— Когда все кончилось и дети уже спали. Я, помнится, хотел к ним заглянуть, но жена сказала, что они уже СПЯТ.
— Выходит, в тот вечер вы все-таки сына не видели?
— Это ничего не значит. Он был дома.
— Почему вы так категорически это утверждаете?
— У меня нет причины сомневаться в словах жены. В нашел семье привыкли говорить правду, не врать.
— Ясно, ясно...
(Опять это «ясно, ясно»!)
— ...И все-таки — когда вы собирались заглянуть к сыну и жена вам сказала, что он спит?.. То есть что он находится дома, но спит?..
— После одиннадцати.
(На самом деле, пожалуй, было уже изрядно после одиннадцати, ближе к двенадцати, может, даже за двенадцать,.. Но у него вырвалось «после одиннадцати», и он не стал поправляться).
— Как вы ее поняли: ваш сын именно в то время, когда вы разговаривали, находился дома, или она сообщила вам, что он был дома весь вечер?
— Он был дома весь вечер. Такое у меня сложилось впечатление,
— Впечатление, впечатление...— нараспев повторил Чижов.— Ясно-ясно... Впе-чат-ле-ние...
В сочетании с неизменным «ясно-ясно» последнее слово тоже приобрело какой-то иронический, уличающий оттенок. Федоров пожалел, что произнес его. И слово-то противное,— подумалось ему.— Туманное, мутное. Извивается, как уж или гадюка...

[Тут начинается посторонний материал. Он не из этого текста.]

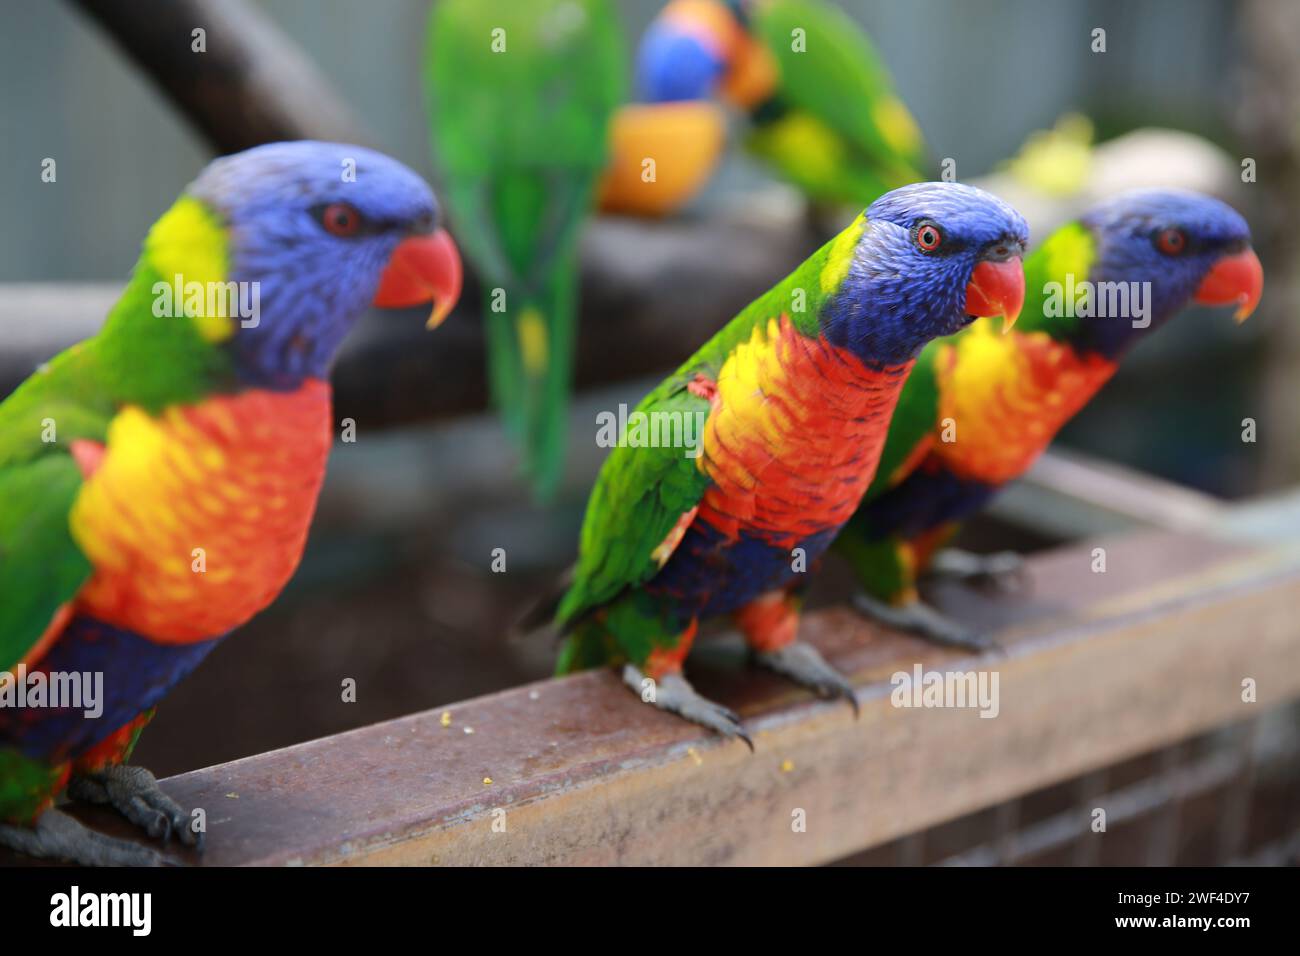 Rainbow Lorikeets, Australia Stock Photo
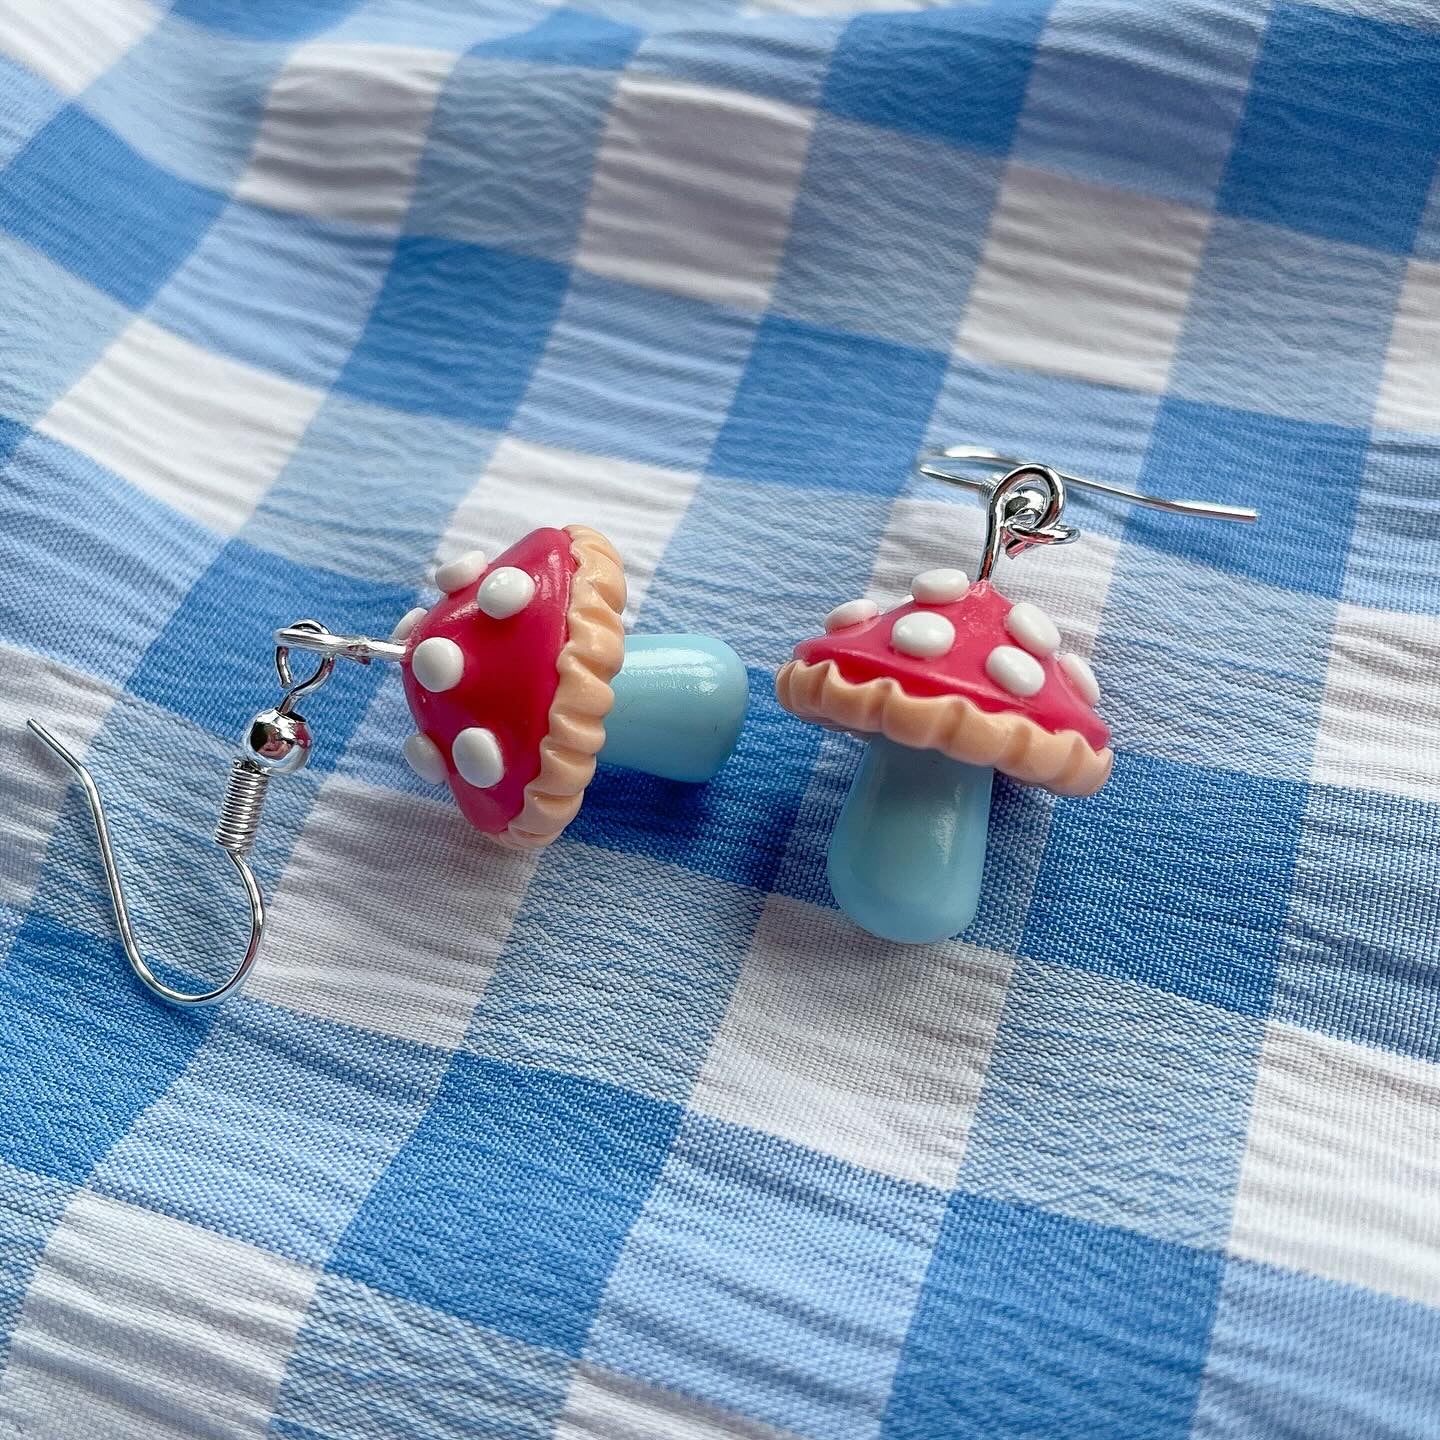 Blue Stem Mushrooms - Earrings Only

— Ясно-ясно... И тем не менее, сами вы в тот вечер сына не видели? Так?
— Я уже объяснял — это еще ничего не значит, я работал и не мог его видеть!— начиная свирепеть, четко, с нажимом проговорил Федоров и поднялся, сказав себе: «Какого беса я сижу перед ним, как на допросе!..»
Однако Чижов будто не заметил ни его вызывающе-злой интонации, ни того, что он поднялся со стула (одновременно и демонстрируя тем неподчинение какой-то властной силе, исходящей от Чижова, но присущей скорее не Чижову, а месту, где они находились, и — с удовольствием разминая занемевшее от долгого сидения тело).
Чижов всего этого не заметил.
— Что же,— произнес он скучным, без всякого выражения должностным тоном,— если не возражаете, оформим все, о чем тут мы беседовали, как протокол...
Он подвинул к себе стопку чистой бумаги, выложил из стола разграфленный бланк.
— Обязан предупредить: за дачу ложных показаний...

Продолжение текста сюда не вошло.